Detecting and dealing with tsunamis

N. Gopal Raj

One of the biggest challenges any tsunami warning system faces is getting the word out to the people and making sure they respond appropriately.

IT WAS two years ago that a powerful earthquake heaved the ocean floor off northern Indonesia and sent vast quantities of water racing across the Indian Ocean. Huge walls of water pummelled coastlines, sweeping all before them. When the waters receded, they left behind vast trails of destruction, with the damages in Indonesia, India, Sri Lanka, the Maldives, and Thailand estimated at about $8 billion by the Asian Development Bank. Close to a quarter of a million people in a dozen countries lost their lives, half a million were injured, and one million people were displaced.

Although tsunamis are infrequent in the Indian Ocean, the countries of the region resolved to create a warning system modelled on the one protecting people in the Pacific Ocean. The Intergovernmental Oceanographic Commission of the United Nations Educational, Scientific and Cultural Organization (UNESCO) was given the task of overseeing the establishment of an `Indian Ocean Tsunami Warning and Mitigation System.' The Indian Ocean system is intended to be a coordinated network of national systems and capacities.

India is one of the countries planning to create a network of sensors for detecting tsunamis. India's warning system being established at a cost of about Rs.125 crore is expected to become operational in September 2007. It will warn against tsunamis that might strike the country and also against storm surges that occur when strong cyclonic winds whip up the ocean waters to dangerous levels.

Tsunamis that might threaten India are likely to originate with earthquakes at two locations. One is the big fault that passes in a long arc from Indonesia, along the Andaman and Nicobar islands to close to Myanmar. The gigantic earthquake that set off the highly destructive tsunami of December 2004 occurred when a section of this fault ruptured. Recently, researchers in the United States found evidence that another section of the same fault might give way in the coming decades. Earthquakes at the fault near Makran in Pakistan too can produce tsunamis that are dangerous for India. The Indian warning system is designed to guard against tsunamis from both sources.
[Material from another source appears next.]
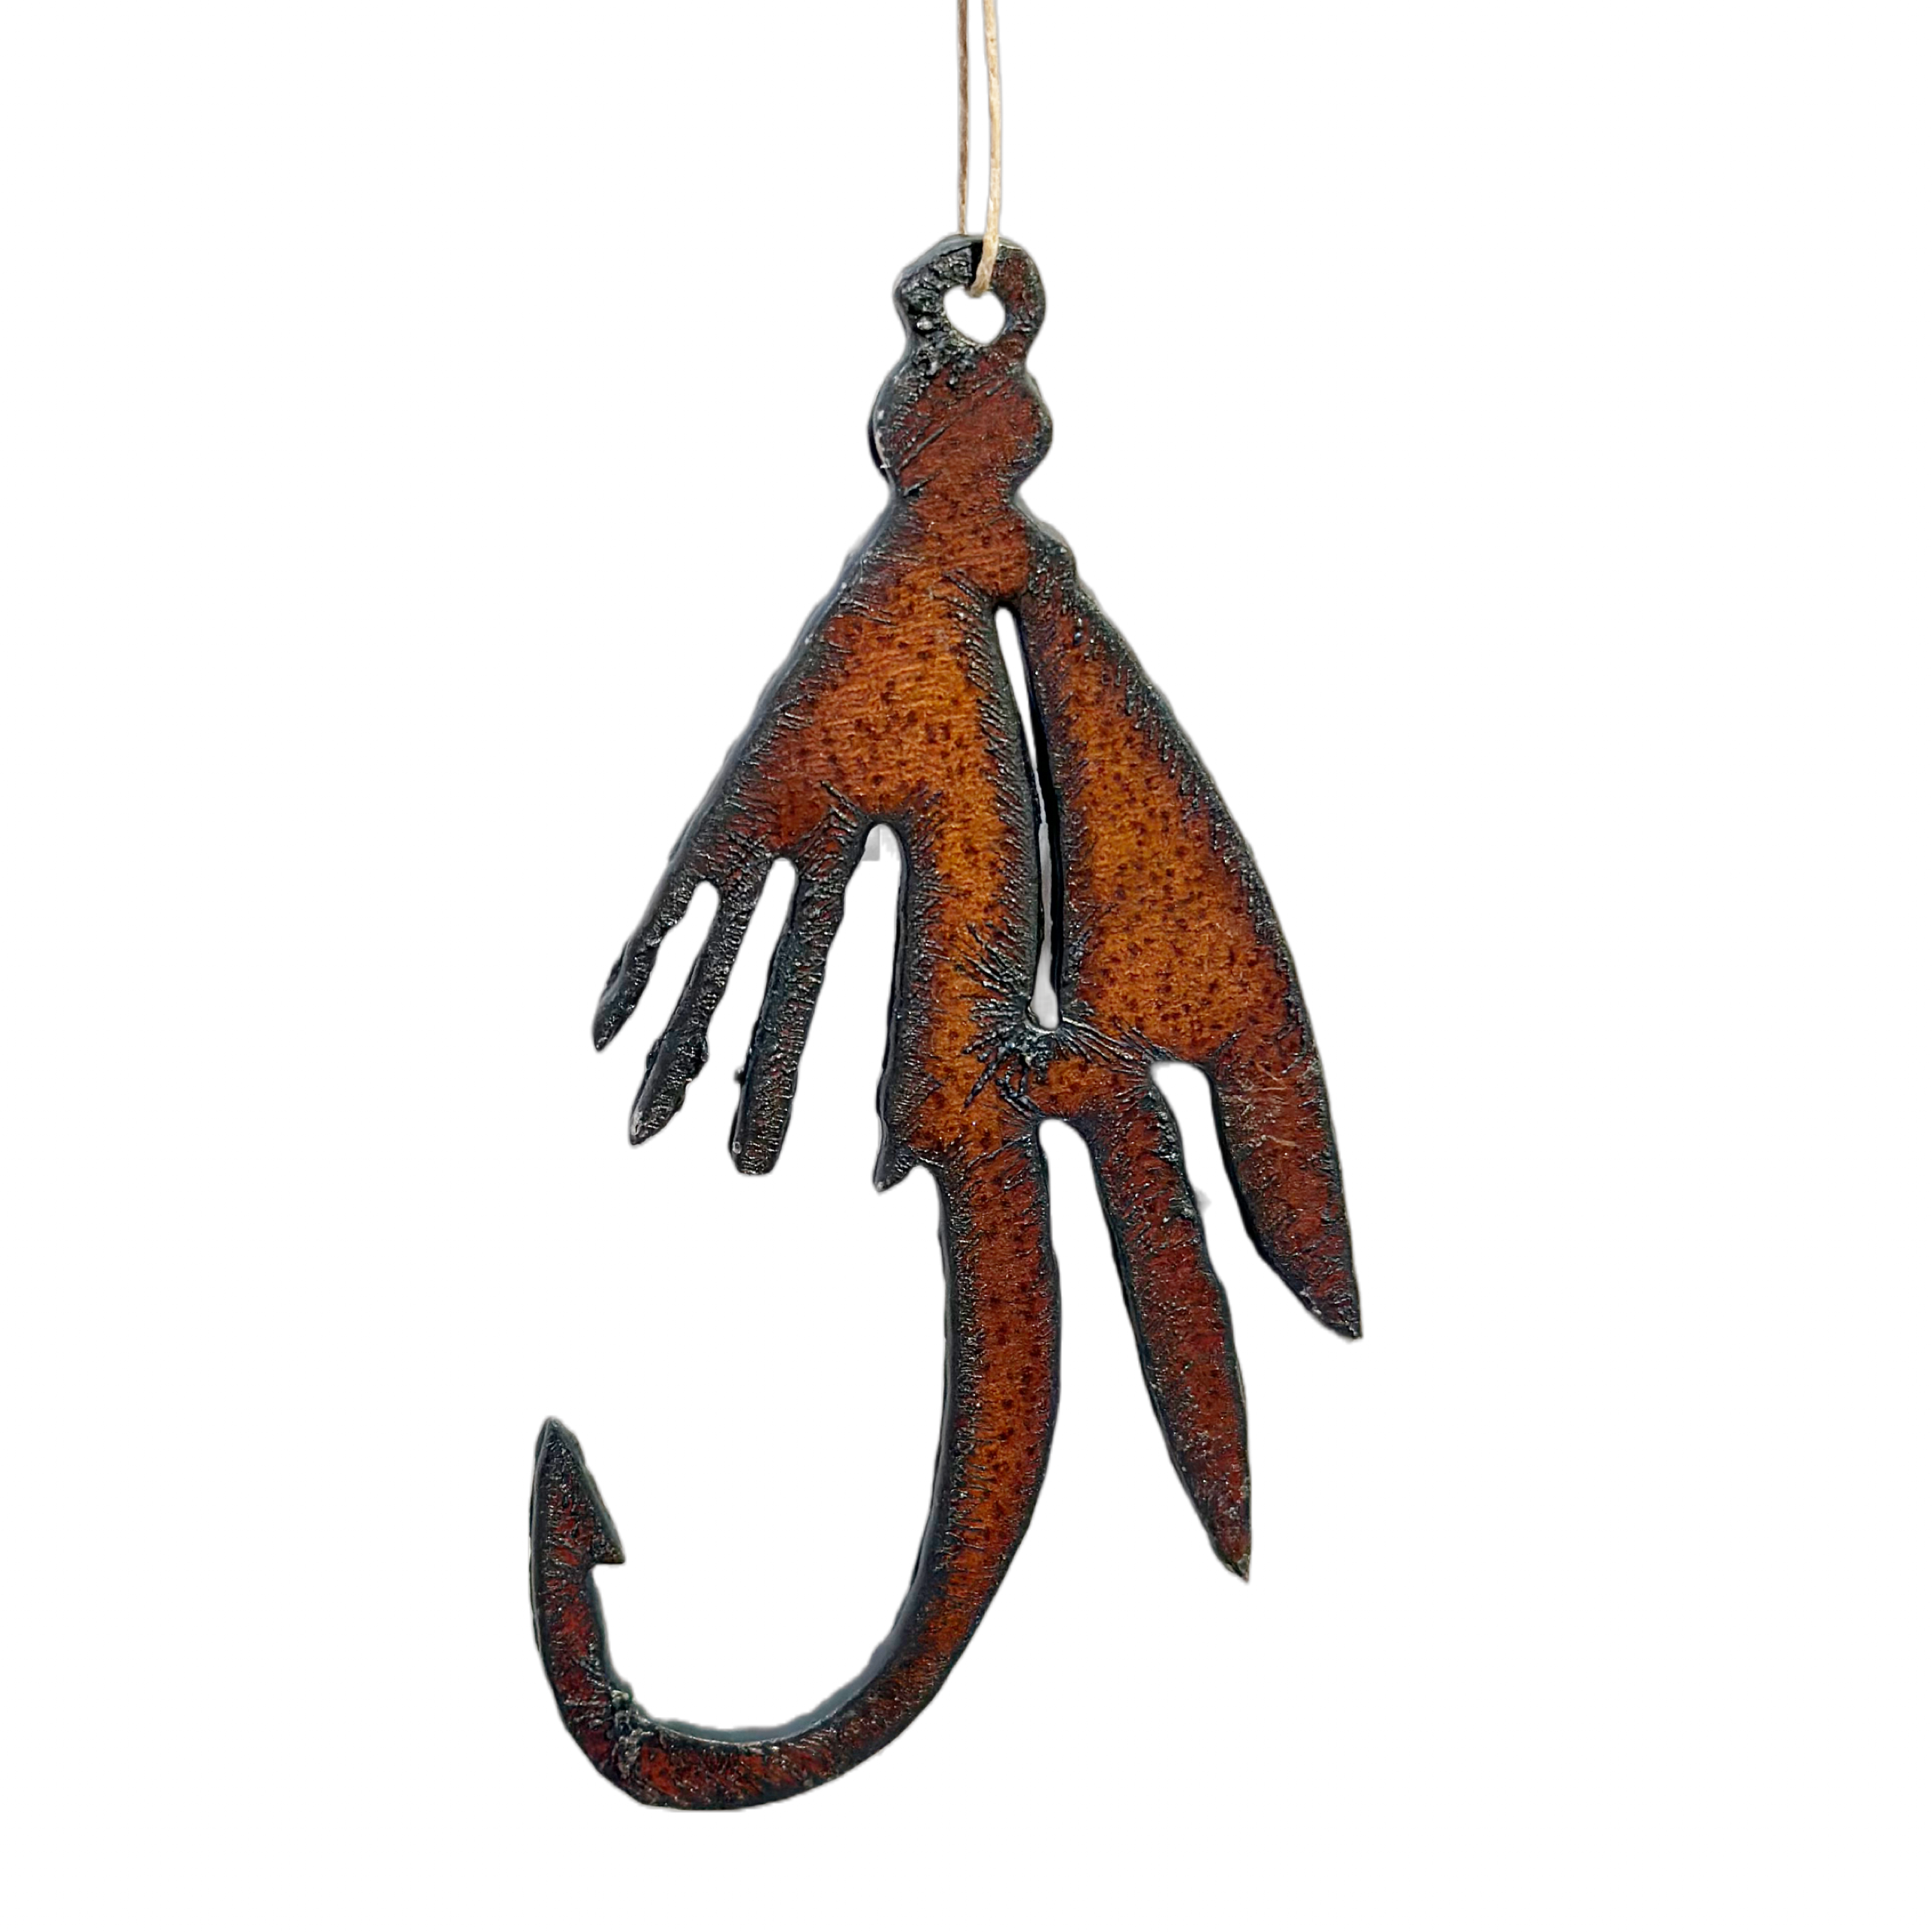 Rusted Rustic Ornament

The first line of defence is early detection of an earthquake and rapid estimation of its characteristics, including magnitude and location. If an earthquake has occurred below the ocean, the depth at which the tremblor occurred becomes important; a quake deep below the surface might not generate a tsunami. Should the earthquake be of the sort that might create a tsunami, it becomes important to estimate how much the seafloor might have shifted and thus give an idea of how dangerous the tsunami might be.

This data is generated by detecting and analysing shock waves from an earthquake. India is creating a network of 17 seismic stations that will form part of its tsunami warning system. In its status report a few months ago to the Intergovernmental Coordination Group for the Indian Ocean tsunami warning system, India stated that the first four seismic stations at Port Blair, Bhuj, Shillong, and Hyderabad would be ready by January 2007. The remaining 13 stations would be installed progressively and made operational by May 2007.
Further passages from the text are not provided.